Wednesday, June 14, 2017

An Allegory of Man and His Sahara







By
TENNESSEE WILLIAMS


fter several literary seasons given over, mostly, to the frisky antics of kids, precociously knowing and singularly charming, but not to be counted on for those gifts that arrive by no other way than the experience and contemplation of a truly adult mind, now is obviously a perfect time for a writer with such a mind to engage our attention. That is precisely the event to be celebrated in the appearance of "The Sheltering Sky," Paul Bowles' first novel.

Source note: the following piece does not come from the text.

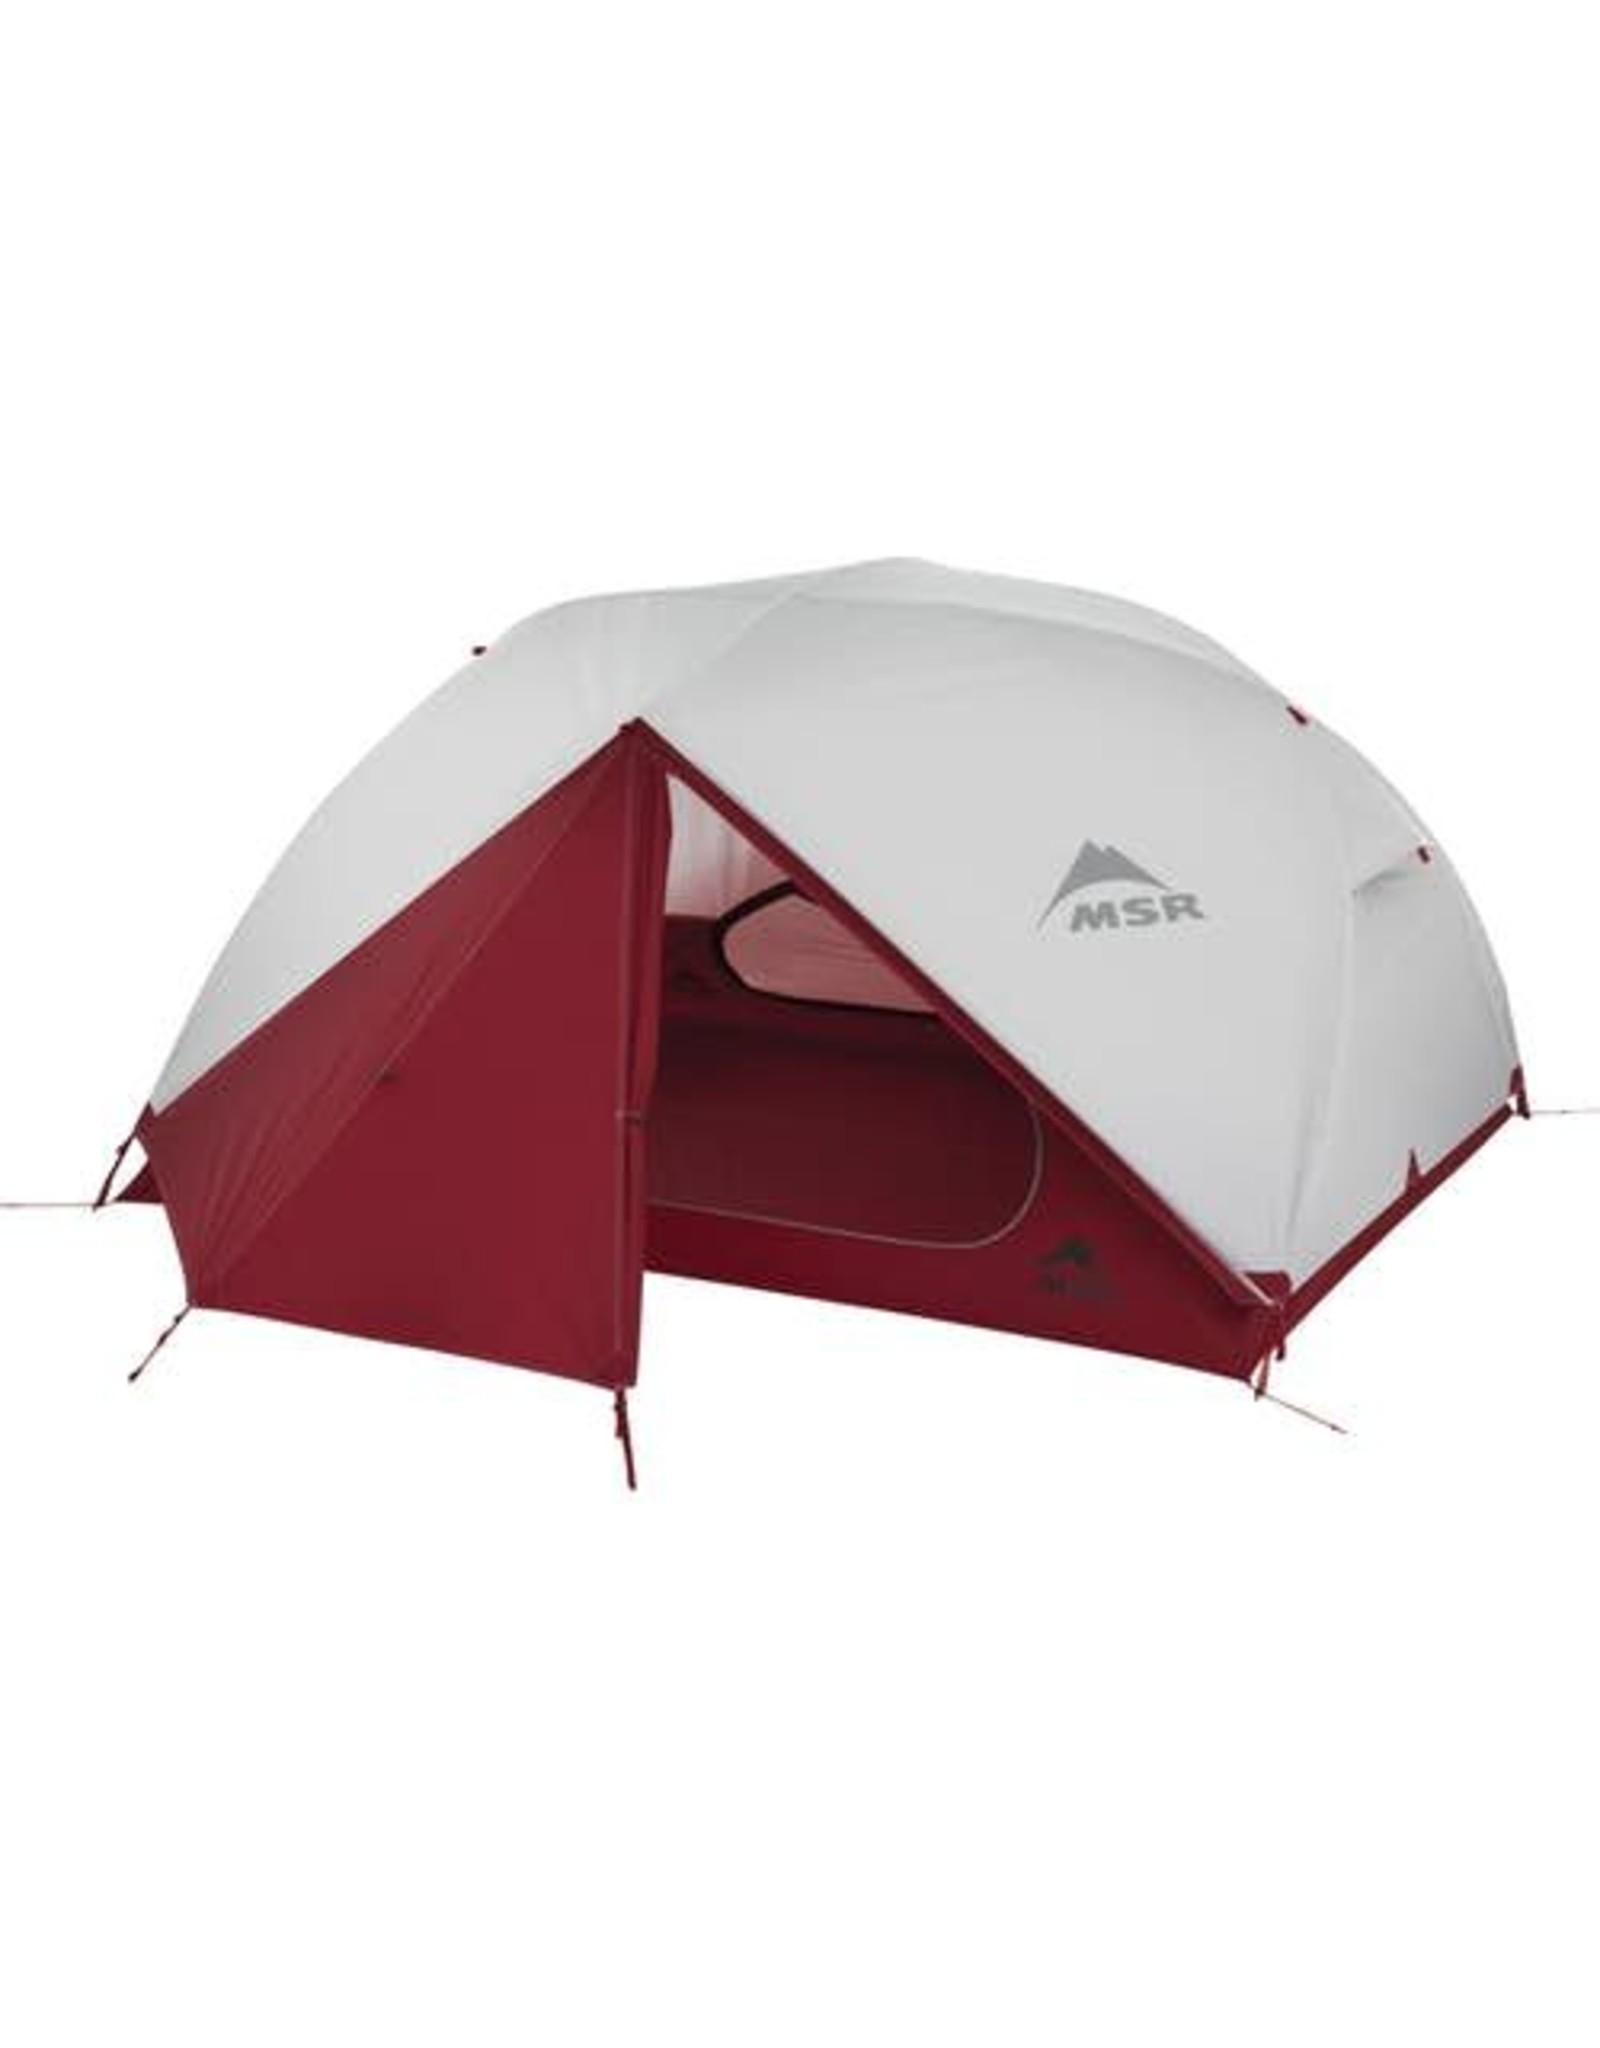 MSR MSR Elixir 3 Tent S17

It has been a good while since first novels in America have come from men in their middle or late thirties (Paul Bowles is 38). Even in past decades the first novel has usually been written during the writers' first years out of college. Moreover, because success and public attention operate as a sort of pressure cooker or freezer, there has been a discouraging tendency for the talent to bake or congeal at a premature level of inner development.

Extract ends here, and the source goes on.